Подальше от соблазнов!

        Прошла по очередному дворику, обогнула очередную линейку  сарайчиков, на всякий случай замедляя шаг – а ну как прилетит оттуда «Штандер»? Обошлось. Мячик не вылетел, зато донёсся отчётливый стукоток по дереву. Это ещё что такое, озадаченно подумала она. Кто там стучится в сарайчик? Завернула за угол и остановилась. Метрах в пяти стояла группа пацанов постарше, лет четырнадцати. На какое-то мгновение она снова почувствовала себя тем, кем была на самом деле – маленькой девочкой, хотела уже шмыгнуть обратно, от греха подальше, кто их знает, этих мальчишек на год-другой старше её? Одеты парни одинаково, в строгую, почти чёрную форму с блестящими пуговицами. Вовремя выскочила умная мысль и скомандовала: стоять с суровым видом! Что она и сделала незамедлительно.

        Стоявший чуть в сторонке парень оглянулся и спрятал за спину ножик. Так себе ножик, успела оценить она, самоделка с не очень ровным лезвием и простой  ручкой, обмотанной чёрной изолентой. Компания дружно оглянулась. Та-а-ак, подумала она, вот теперь поглядим: «кто в доме хозяин – я или кошка?» Компания глядела на неё испуганно и явно решала, разбегаться «прям щас», или подождать? Вот так, удовлетворённо подумала она, я в доме «хозяин»! А кошки сейчас разбегутся!

        Впрочем, с чего бы это им бояться-то? Ну, форма на ней военная, ну и что? Никаких грозных шевронов на рукаве у неё не имеется, командирской звезды тем более нет. И вообще, «чё это вы тут делаете, а?» Она присмотрелась, сохраняя неприступный вид. Вроде прояснилось. Парни метали ножик в деревянную стену сарая, что вряд ли приветствовали окрестные жители. Сарай-то деревянный, щепки от него отлетали только так! Впрочем, присмотрелась она, дюймовая доска могла ещё долго выдерживать такое издевательство. В общем, устраивать репрессии не стоило.

        Она подмигнула парню с ножиком и показала глазами, мол, давай! Помедлив, тот вытащил из-за спины ножик и пару раз подкинул на ладони, восстанавливая нужный настрой. И понеслось! Ножик пролетал три метра до сарая и втыкался в доску раз за разом. Из хвата за лезвие. Из хвата за рукоятку. И от груди. И от плеча. И из-за головы. И из-за спины. И с разворота.

        Когда приёмы начали повторяться, она показала большой палец явно довольному собой парню и поспешила своей дорогой. Потраченных «на ножики» минут ничуть не было жалко. А вот интересно, есть ли соответствующий приказ у Особого Отдела насчёт таких вот снайперов? По идее, наука хитрая, а товарищ вон как ловко метать навострился. Ладно, это потом. Она приостановилась и быстро набросала портрет парня в «разговорнике». Вдруг пригодится? Оглянулась, приписала номер дома и пошла дальше. Свернула за угол, на ходу пряча блокнотик.
В этом дворе место тоже не пропадало даром. Тут тесным кружком сидели на корточках мелкие, лет пяти-шести, девчушки в длинных разноцветных платьицах, подолы которых вольготно лежали на утоптанной земле. Они что-то сосредоточенно делали, почти соприкасаясь взъерошенными макушками в середине круга. Во все стороны торчали вездесущие косички с вплетёнными в них ленточками с мелкими бантиками. Неужели опять загадочный «штандер»? Уже почти миновав двор, услышала за спиной многоголосый радостный визг и, оглянувшись, заметила порскнувших во все стороны девчонок. Во что они играли, осталось непонятным.

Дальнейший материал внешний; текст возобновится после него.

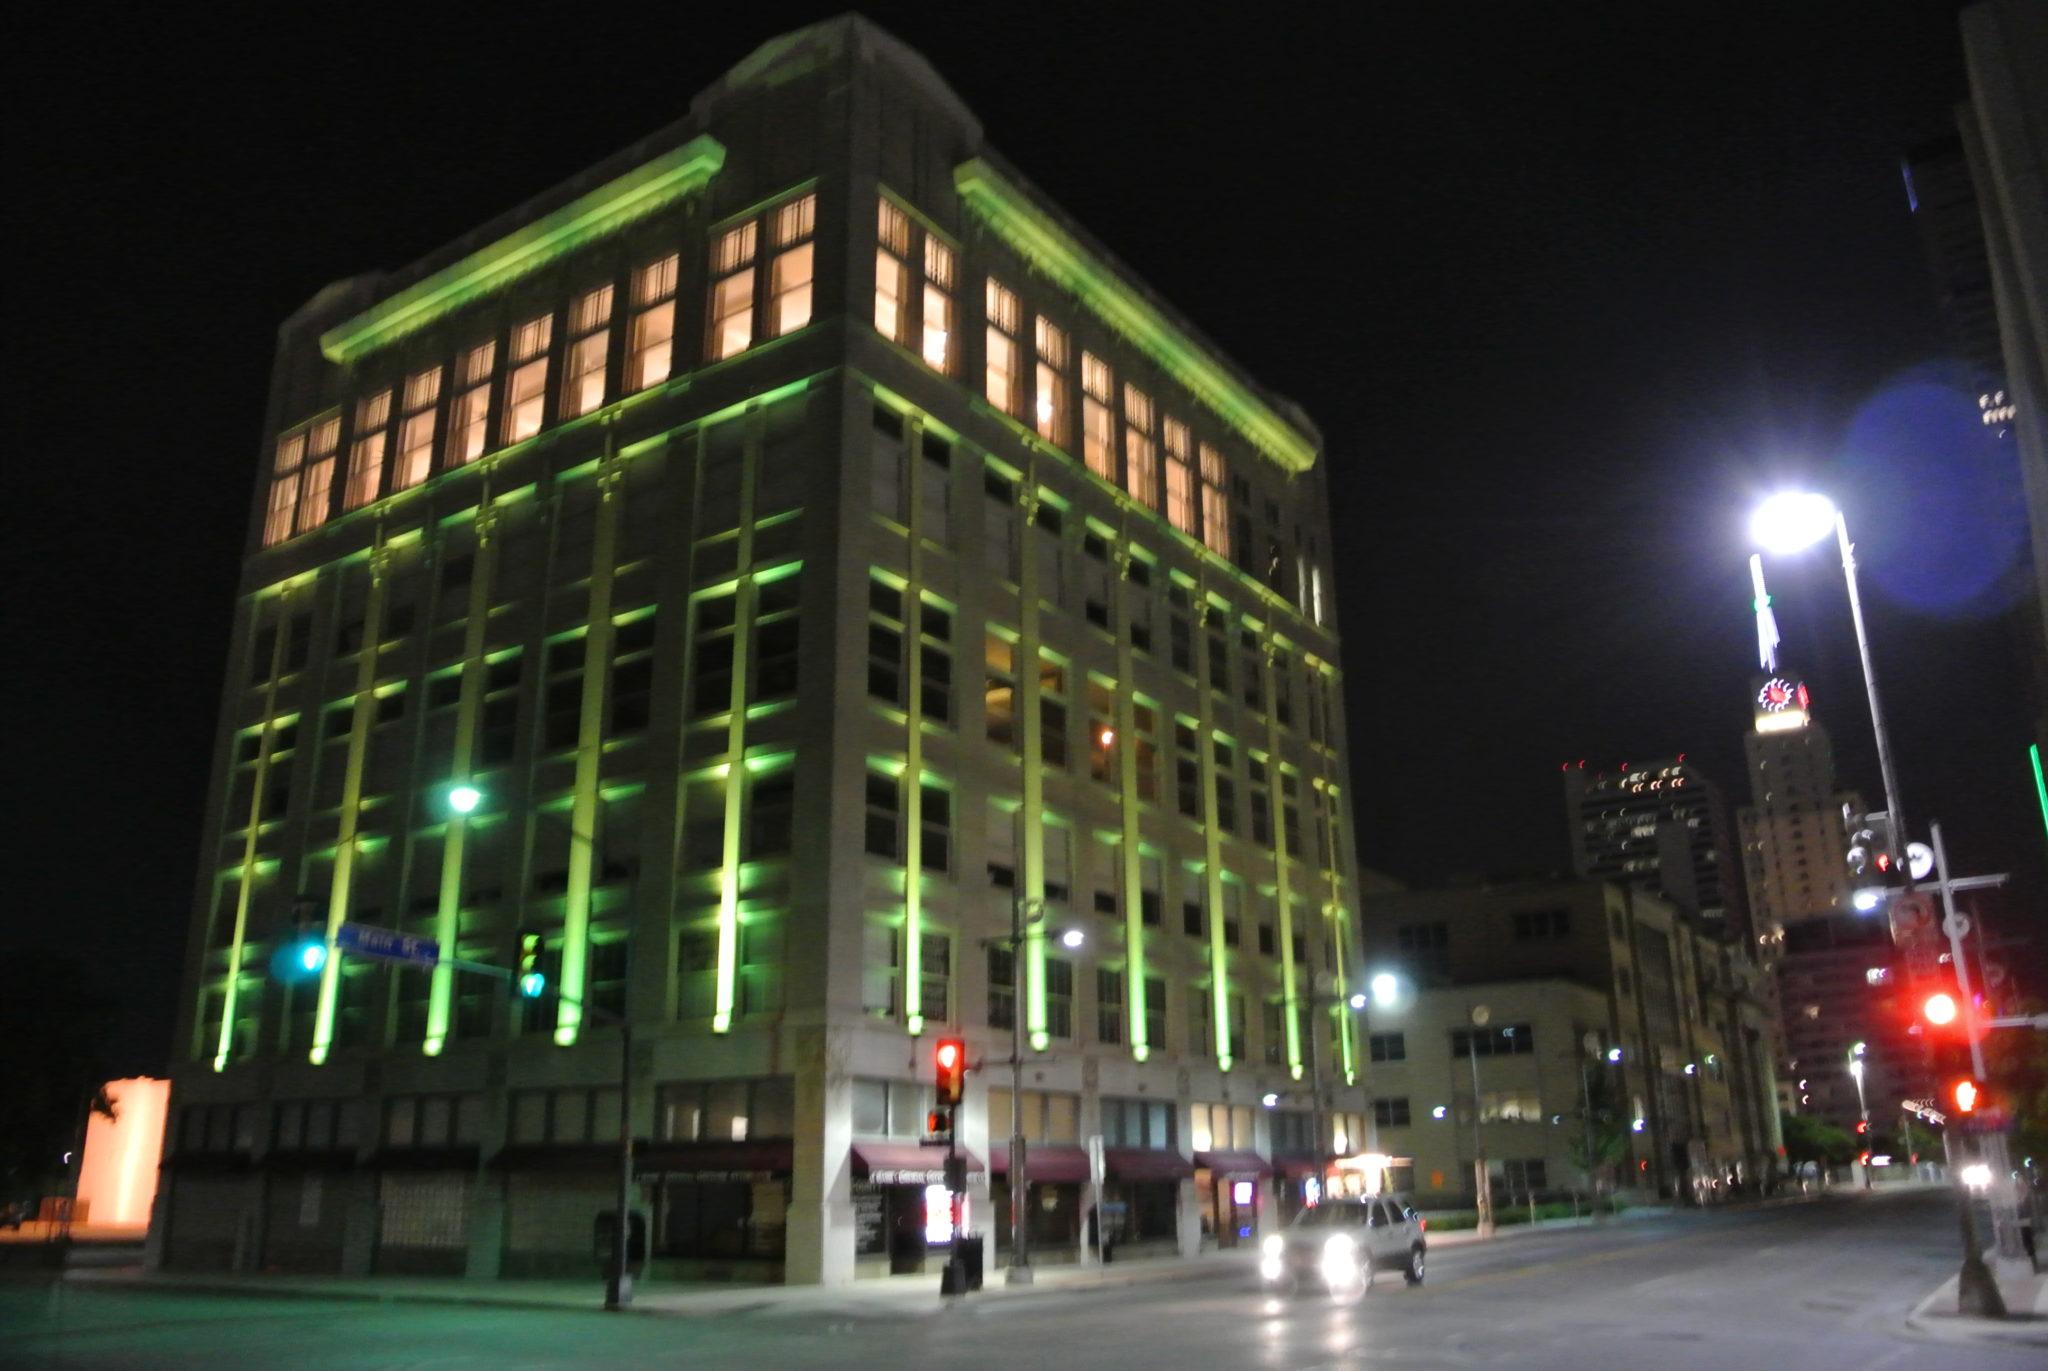 dallas architecture at night

        Дворы кончились, она выскочила на брусчатку тротуара. Привычно огляделась по сторонам, нет ли машин. Да какие тут машины! Вон, след посреди улицы, вообще кто-то ехал посередине, никаких тебе правил. Когда проехал, вчера или позавчера, Бог его знает. Улица была пуста в обе стороны, хотя где-то далеко слышался слабый звук автомобильного мотора. Где-то ехал грузовик, и на этом автомобильная жизнь заканчивалась. Неподалёку мелькнули знакомые парни. Солидно держа в руках портфели, они всей толпой шли… куда? Если подумать, то аккурат в сторону Ремесленного училища топают! Вот, значит, чья это форма на них. На занятия, значит, торопятся. Она ещё раз огляделась, и перебежала улицу Пятилетки по диагонали, прямо к Горотделу милиции. Из-за высокого дощатого забора бдительно и солидно гавкнули. Она приостановилась, одёрнула гимнастёрку и с озабоченным видом взбежала на высокое крыльцо.

        Как обычно, пришлось вытаскивать все свои документы для тщательного изучения уже на входе в здание. Затем на входе в нужный коридор, Затем в окошке нужного кабинета. Окошко было маленькое, голову не просунуть, но и оно было тщательно забрано решёткой в форме восходящего, а может и заходящего солнца, снабжённого лучиками. Решётка оставляла в нижней части окошка совсем крошечное отверстие, куда можно было просунуть только ладонь. Ну, или просунуть туда же фигушку, если ладошка тонкая, вот как у неё. Однако, совать в окошко фигушку она воздержалась.

        Вместо фигушки поочерёдно скормила в окошко все свои бумаги, начиная с паспорта… то есть «удостоверения личности», и кончая справками. Утащив все её бумаги, сидевший внутри сурового вида товарищ дверь в кабинет так и не открыл. Пришлось ждать в крошечном предбаннике, где не было даже стула, а только малюсенькая полочка, прибитая к боковой стене на уровне пояса. На таких полочках в этом времени любили ставить телефонные аппараты там, где они были. Или это будет позже? Эх, не сильна она в истории телефонизации родного Города! Но в кино именно на таких вот полочках стояли громоздкие телефоны в ранних советских фильмах. Впрочем, на этой полочке никакого аппарата не было.

        Вместо телефона на полочке обнаружилась классическая стеклянная «непроливашка» и школьная ручка с замусоренным бумажными клочками пером. Изрядно потёртая ручка была старательно привязана к полочке тонкой прочной верёвочкой. Вопреки принятому в её время способу крепления за кончик ручки, здешние ревнители казённого имущества привязали верёвочку за узкий хвостовик стального пера, вставленного в ручку. Несколько сантиметров верёвочки возле самой ручки вполне предсказуемо заляпано пятнами неописуемого цвета от смешения фиолетовых, синих и чёрных чернил. Пока за окном яростно шелестели многочисленные бумаги, она смотрела на эти пятна и гадала, не в этом ли черпали вдохновение многочисленные Малевичи?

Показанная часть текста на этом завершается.